The execution mechanism of JS can be regarded as a main thread plus a task queue. Synchronous tasks are tasks that are executed on the main thread, and asynchronous tasks are tasks that are executed on the task queue. All synchronization tasks are executed on the main thread, forming an execution stack. An asynchronous task will place an event in the task queue when it has a result. When a script runs, it first runs the execution stack in sequence, then extracts the events from the task queue and runs the tasks in the task queue. This process is repeated constantly, so it is also called Event loop.

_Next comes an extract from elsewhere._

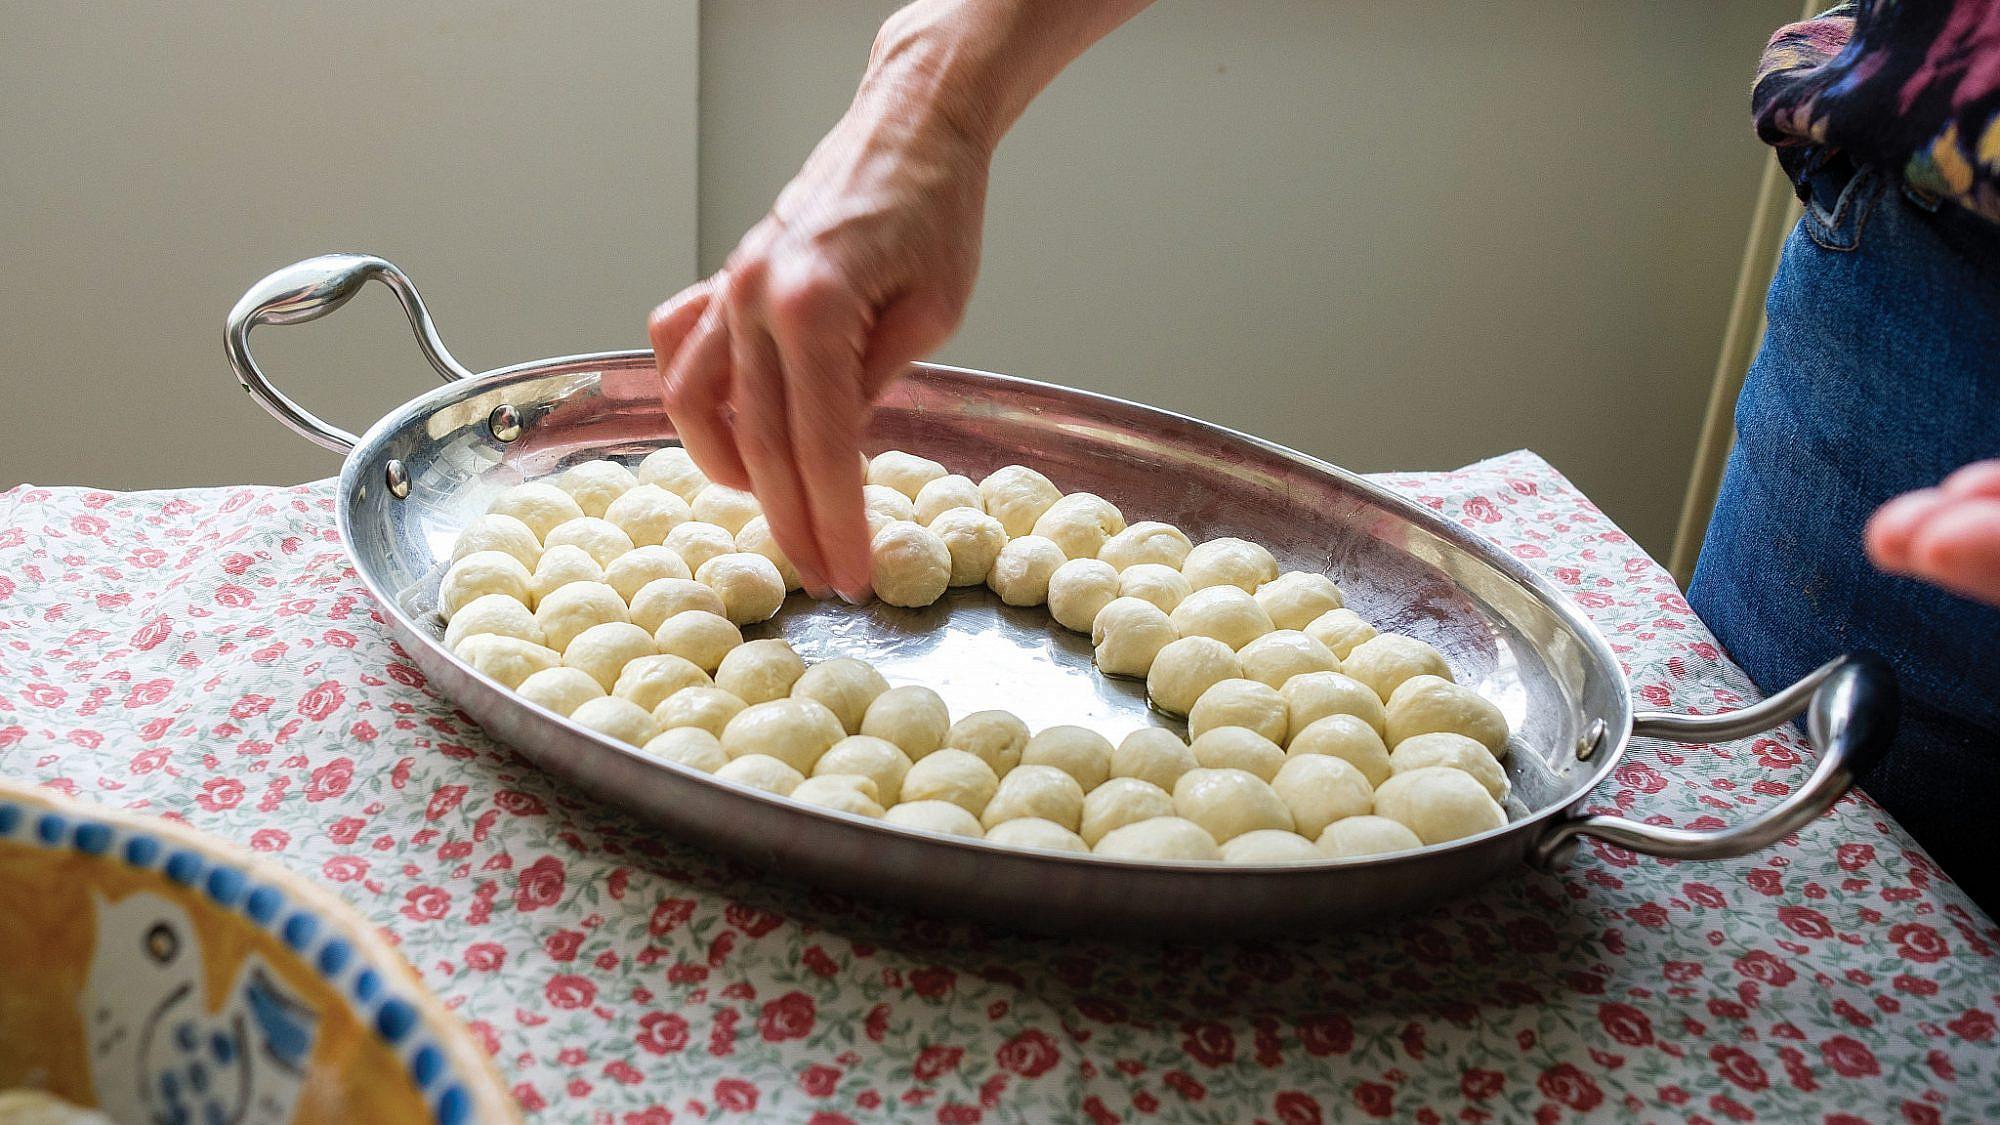 לחם פצפצים של לייזה פאנלים. צילום: גיא בהר וחגית ביליה

Supplement reflux and redraw

Each element in the DOM node exists in the form of a box model, which requires the browser to calculate its position and size, a process called relow. Once the location, size, and other properties of the box model, such as color and font, are determined, the browser begins to draw the content, a process called repain. Pages will inevitably experience reflow and Repain when they first load. Reflow and Repain processes can be very performance draining, especially on mobile devices, and can ruin the user experience, sometimes causing pages to stagnate. So we should reduce reflow and repain as little as possible.

Reflow, also known as Layout, usually means that the content, structure, position, or size of an element has changed, requiring recalculation of the style and rendering tree. Repaint: when the changes to an element only affect the appearance of the element (e.g. background color, border color, text color, etc.), you simply apply a new style to the element. This process is called Repaint. So the cost of Reflow is much higher than the cost of Repaint. Every node in the DOM tree has a reflow method, and a node’s reflow is likely to result in reflows for its children, or even its parents, and siblings. The following actions are likely to be costly: 1. Adding, deleting, or modifying DOM nodes will result in Reflow or Repaint. 2. When moving the DOM, or doing an animation. 3. Content changes. 4. When modifying CSS styles. 5. Resize the window (mobile doesn’t have this problem), or scroll. 6. When modifying the default font of a web page.

Reflow is used for the following reasons: 1. Initial Incremental. Some JS are operating on the DOM tree. 3, Resize, some of its components have changed the size. StyleChange, if the CSS properties have changed.

Tip this paper summarizes the process from URL input to page display in detail. There are many knowledge points in this process, and I have summarized some of them. If there is any deficiency, I hope to point out what happened from URL input to page display in reference.